- [Exercise data]:
= = = = = = =
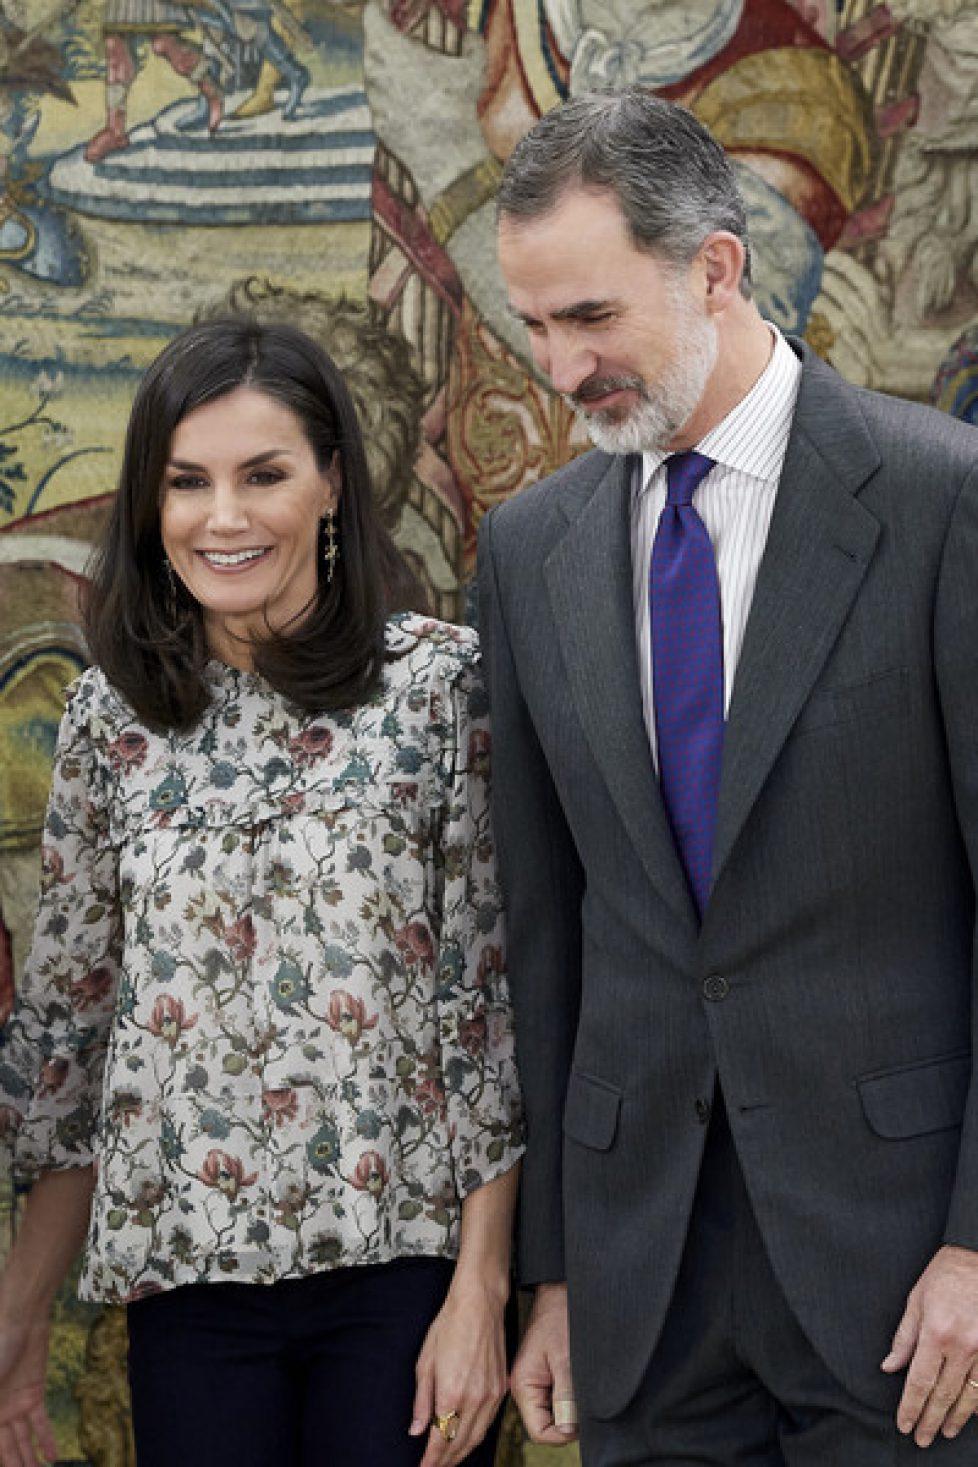 Queen+Letizia+Spain+Spanish+Royals+Attend+riqQrSMf_XAl
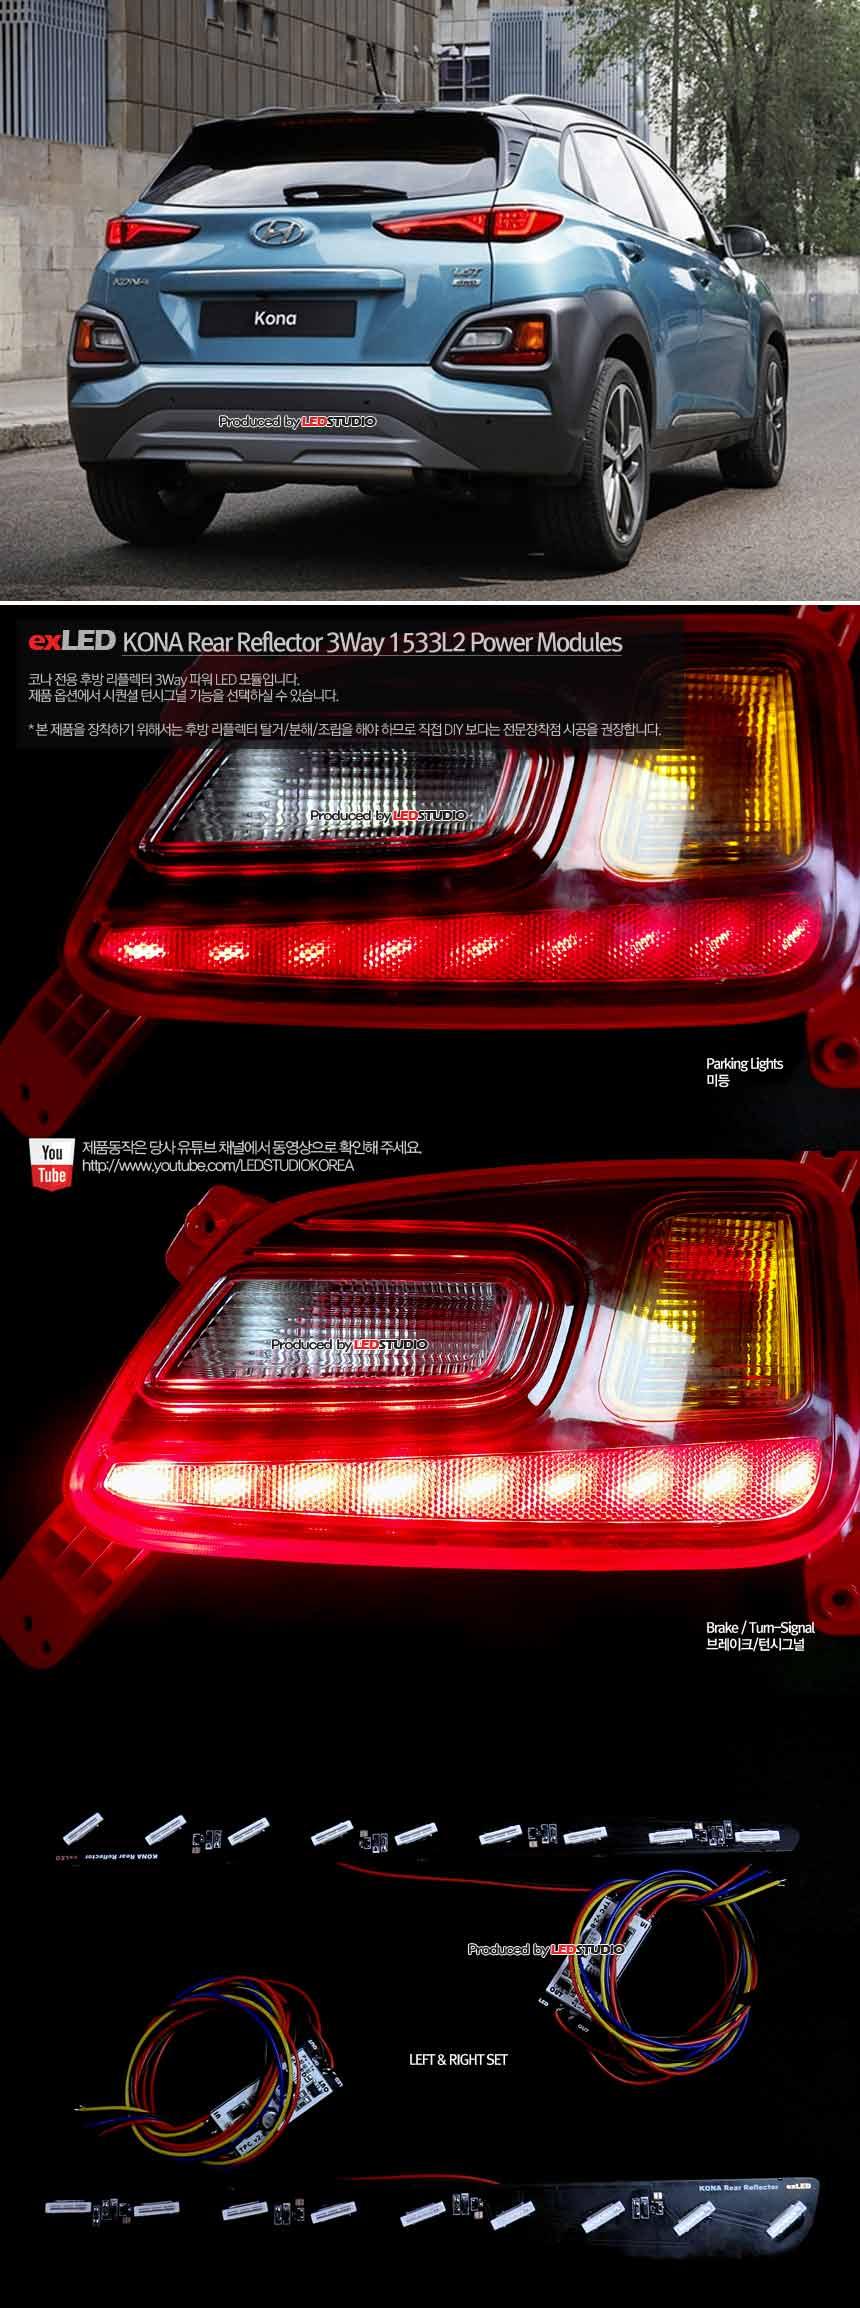 exLED 코나 1533L2 파워 LED 후방 리플렉터 3Way 모듈(시퀀셜 옵션)
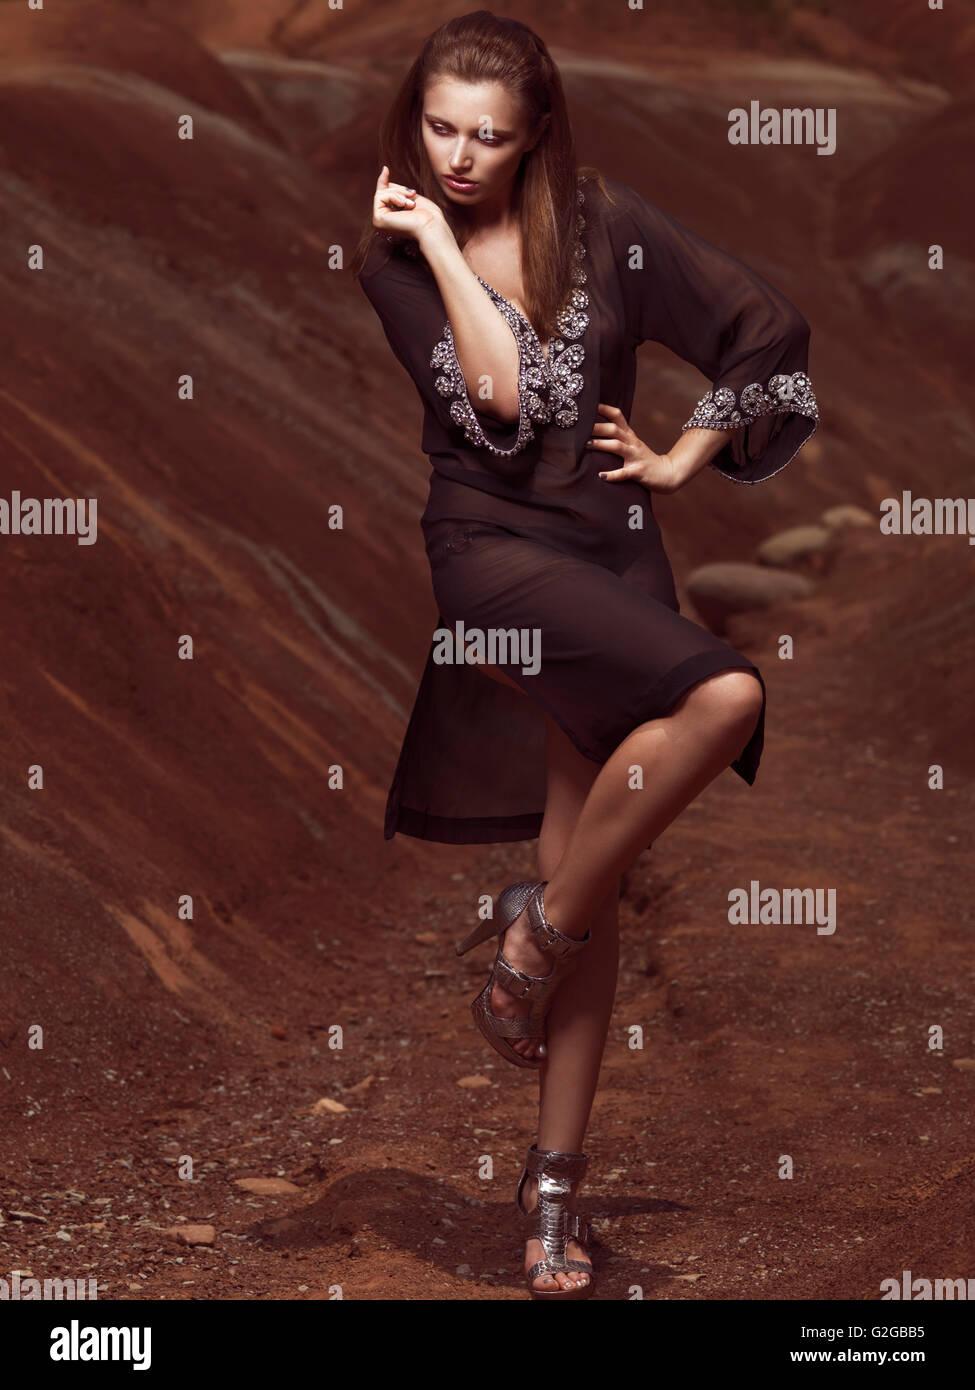 Sheer Dress Stockfotos & Sheer Dress Bilder - Alamy
= = = = = = =
- [Activity]: Output the full material exactly as given, without its pictures.

- [Response area]:
 Queen+Letizia+Spain+Spanish+Royals+Attend+riqQrSMf_XAl
 exLED 코나 1533L2 파워 LED 후방 리플렉터 3Way 모듈(시퀀셜 옵션)
 Sheer Dress Stockfotos & Sheer Dress Bilder - Alamy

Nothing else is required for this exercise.